## Work request
Exclude the pictures and repeat all of the data exactly.
Source data Block Start
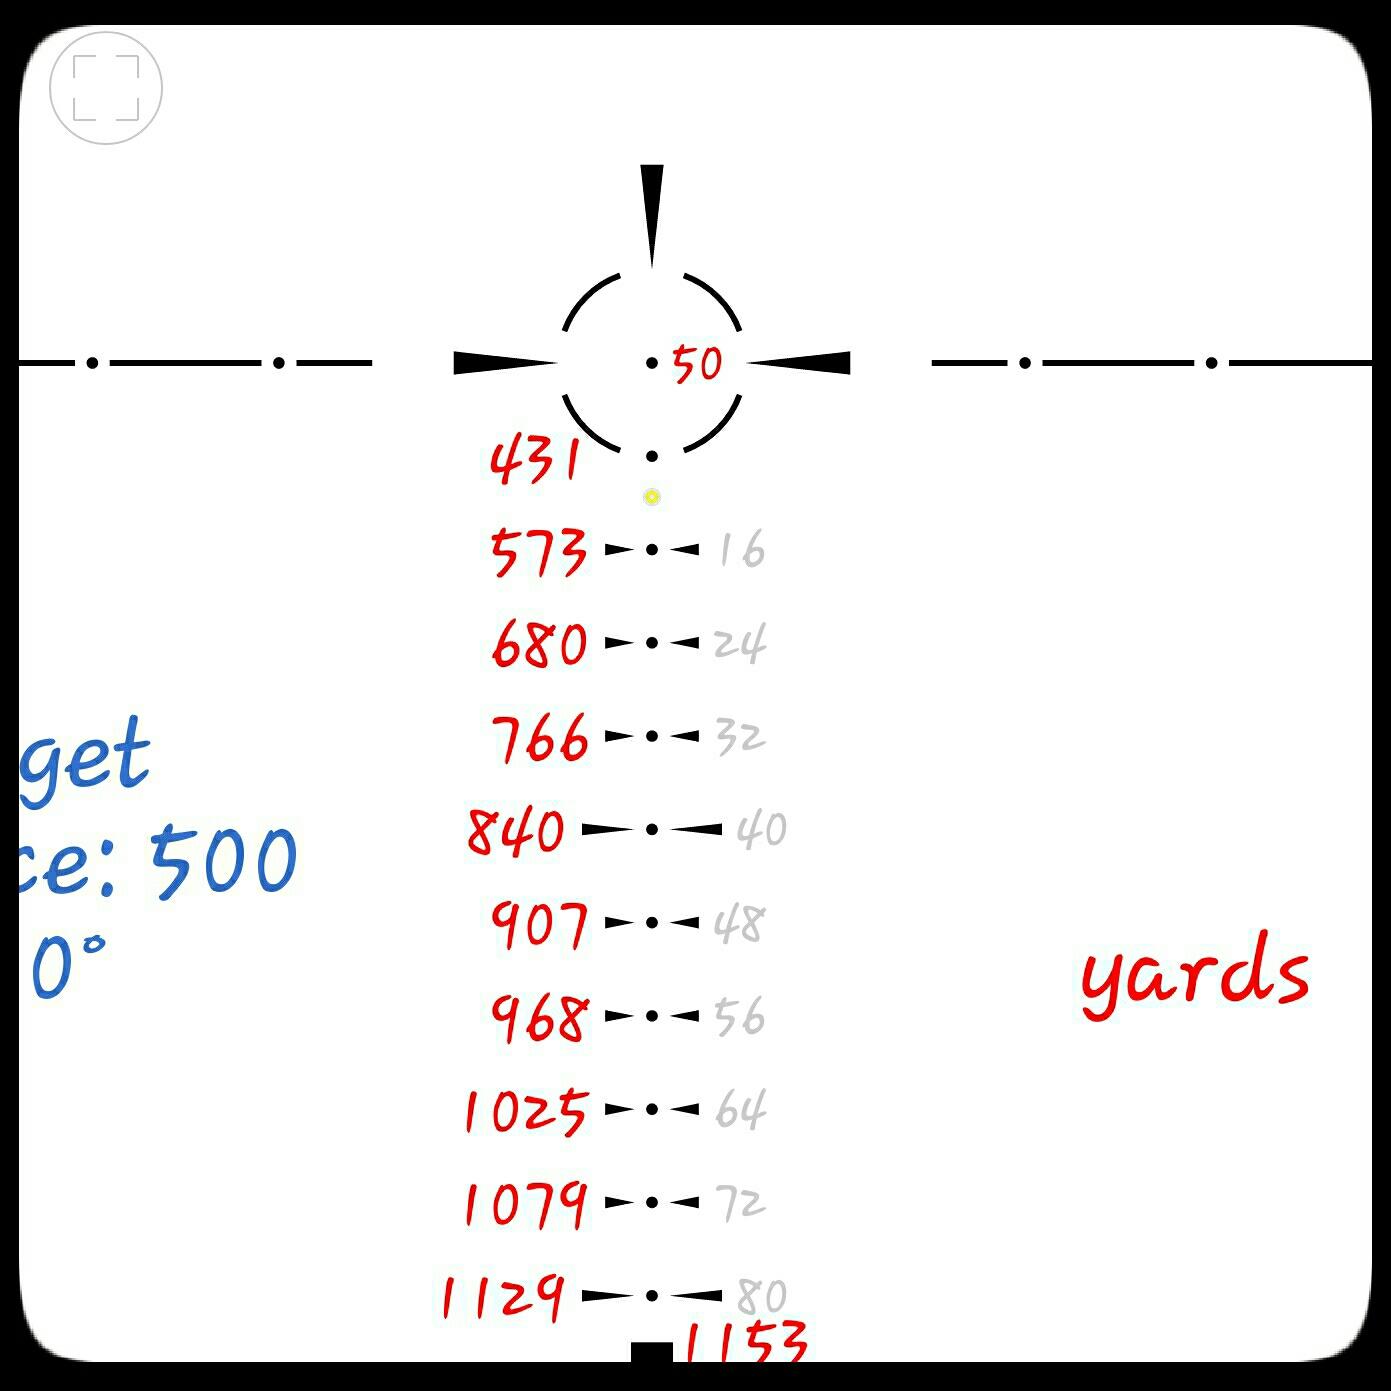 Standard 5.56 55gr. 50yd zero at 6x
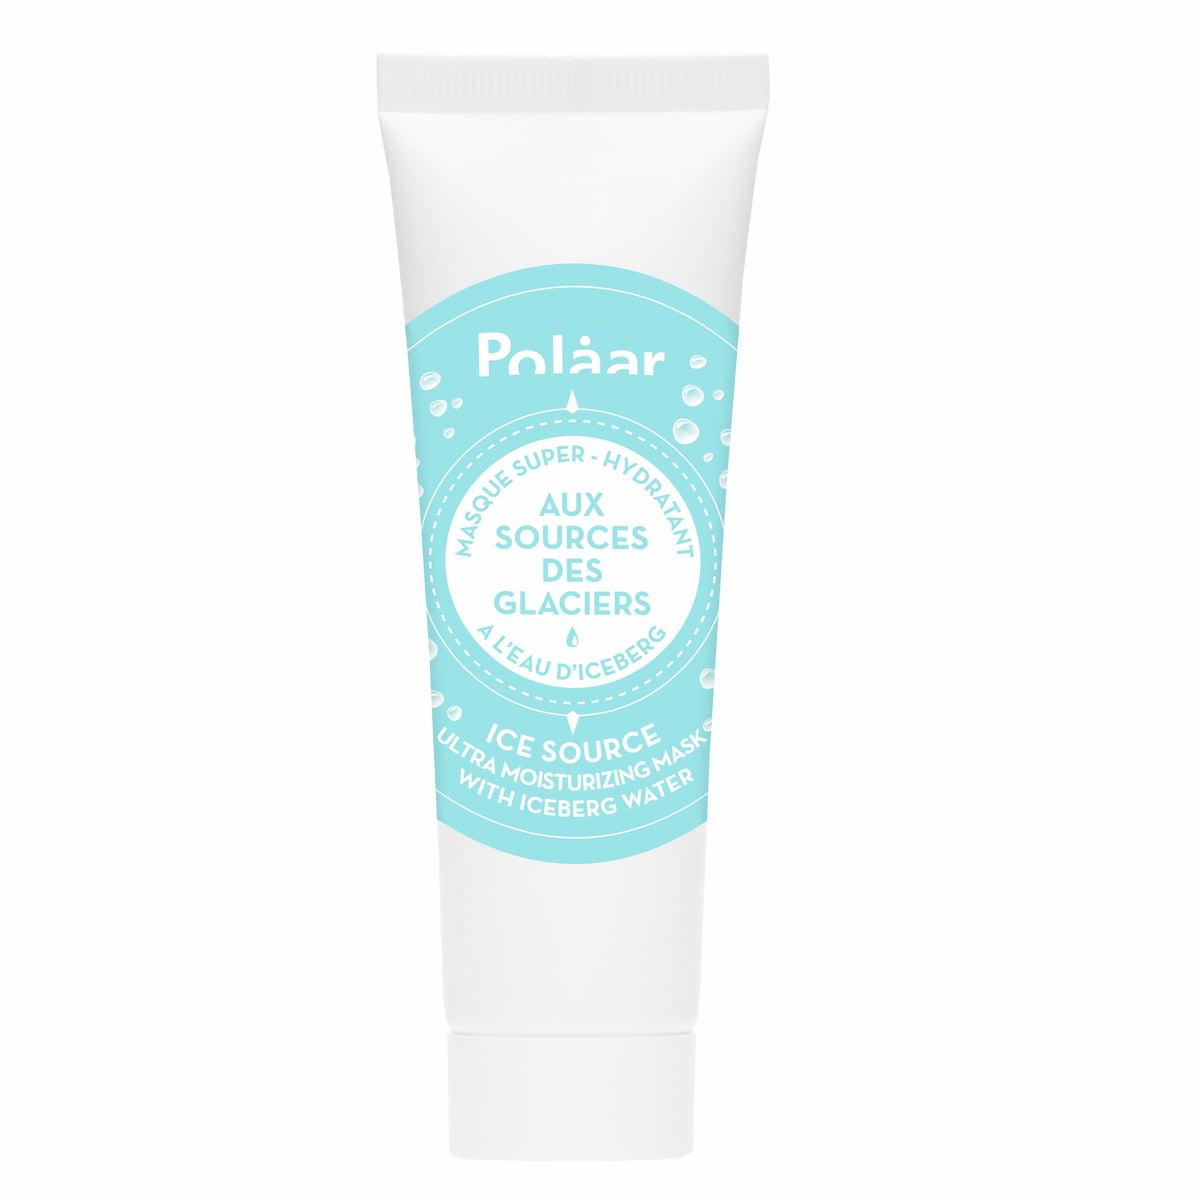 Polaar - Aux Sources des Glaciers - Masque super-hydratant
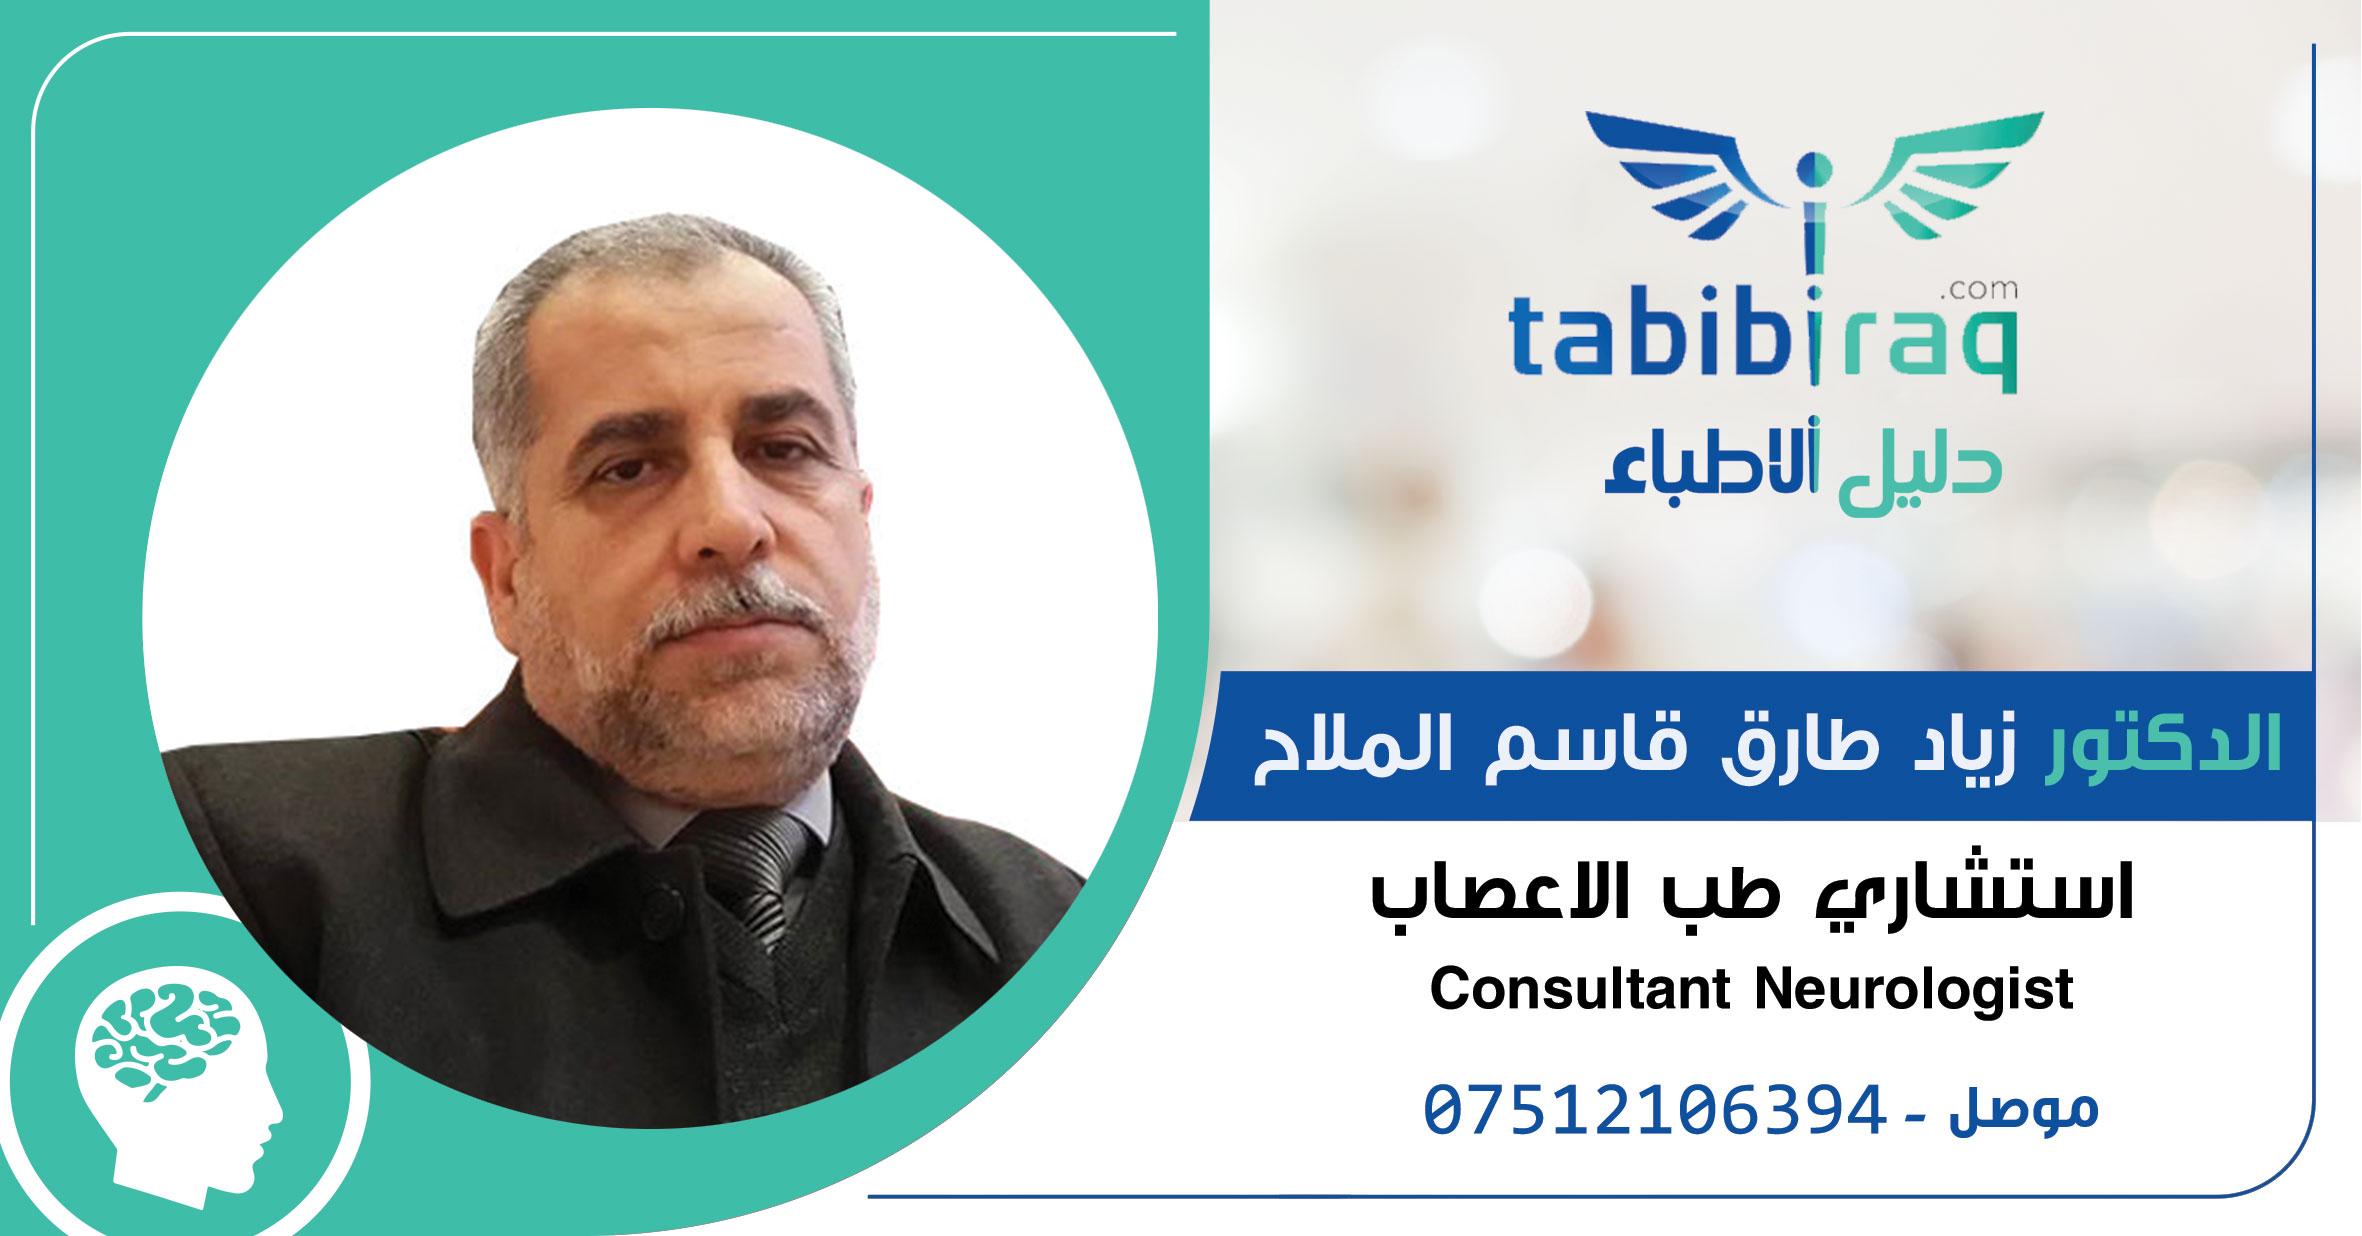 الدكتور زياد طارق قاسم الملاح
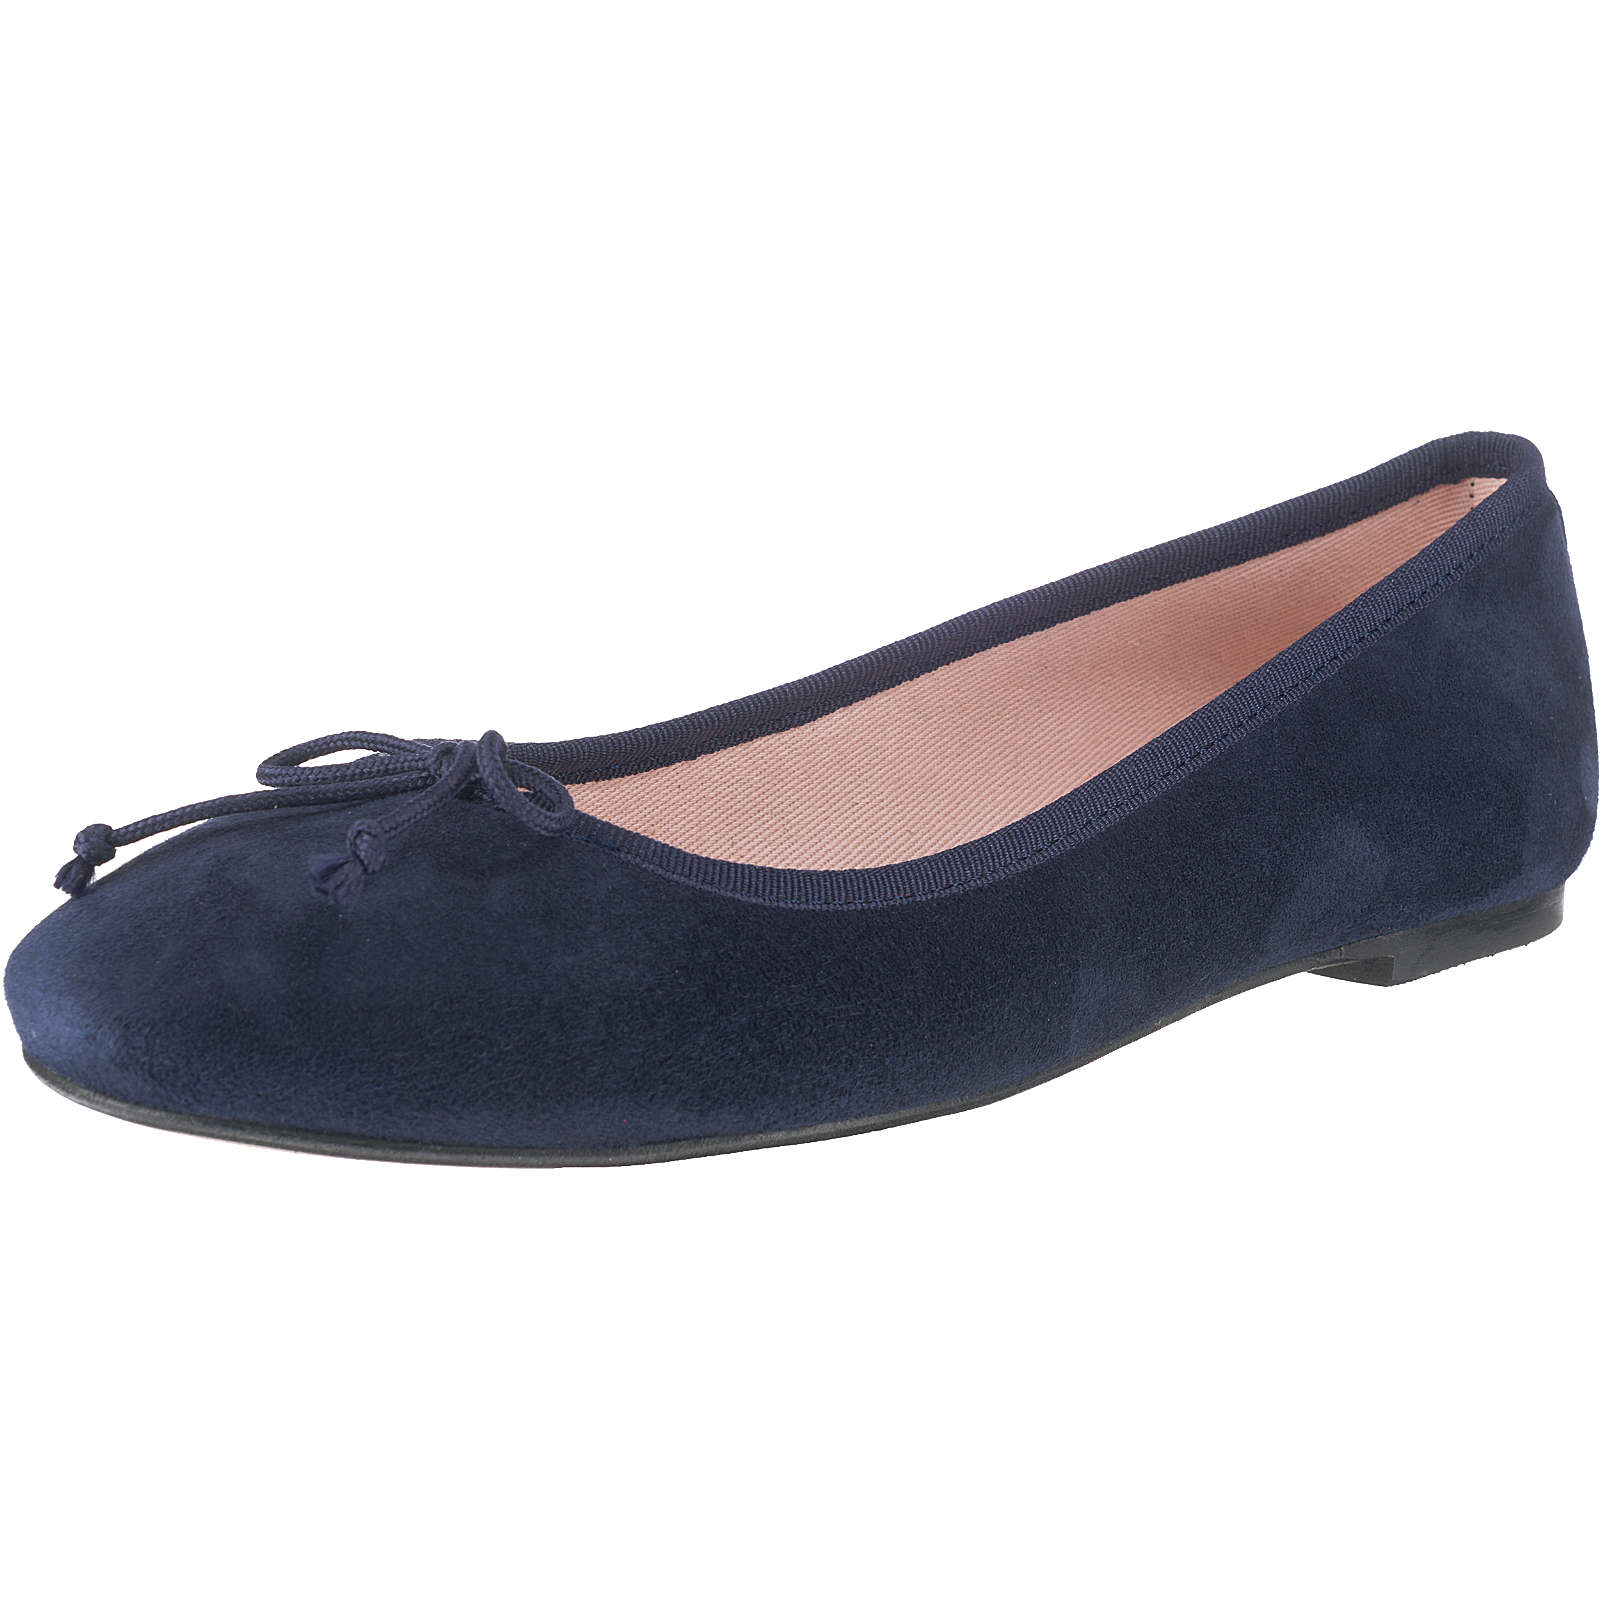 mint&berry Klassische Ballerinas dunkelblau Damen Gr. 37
Source data Block End
## Reply
 Standard 5.56 55gr. 50yd zero at 6x
 Polaar - Aux Sources des Glaciers - Masque super-hydratant
 الدكتور زياد طارق قاسم الملاح
 mint&berry Klassische Ballerinas dunkelblau Damen Gr. 37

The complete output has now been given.